§ How to complete this task
Write out, word for word and with no pictures, each line below from the one containing "Barcelona skyline panorama" through the one containing "Plus Striped &", both included, and no other line.
*** Data records Section Begins ***
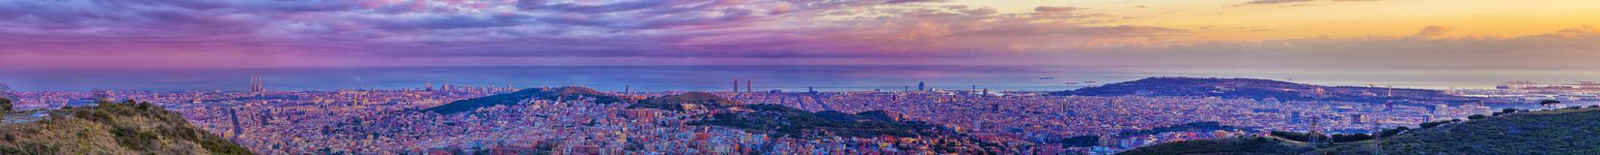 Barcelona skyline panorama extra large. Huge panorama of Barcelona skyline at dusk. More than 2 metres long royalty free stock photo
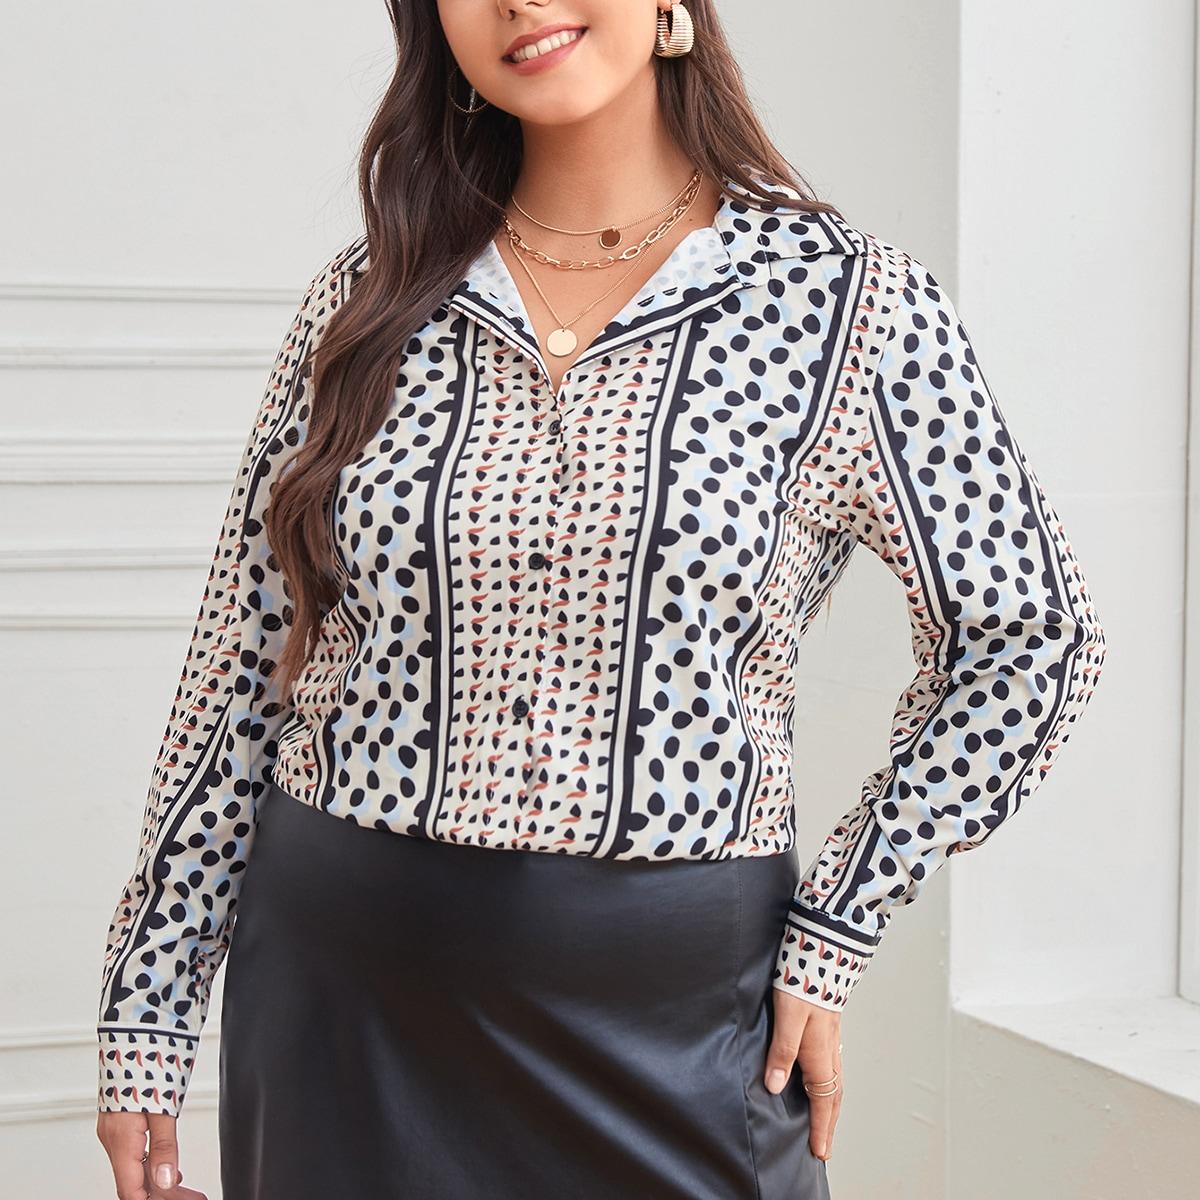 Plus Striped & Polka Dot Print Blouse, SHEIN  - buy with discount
*** Data records Section Ends ***
*** Data records Section Begins ***
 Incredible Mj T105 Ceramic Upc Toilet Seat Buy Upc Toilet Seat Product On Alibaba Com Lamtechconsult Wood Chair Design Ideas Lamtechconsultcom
*** Data records Section Ends ***
§ Written response
 Barcelona skyline panorama extra large. Huge panorama of Barcelona skyline at dusk. More than 2 metres long royalty free stock photo
 Plus Striped & Polka Dot Print Blouse, SHEIN  - buy with discount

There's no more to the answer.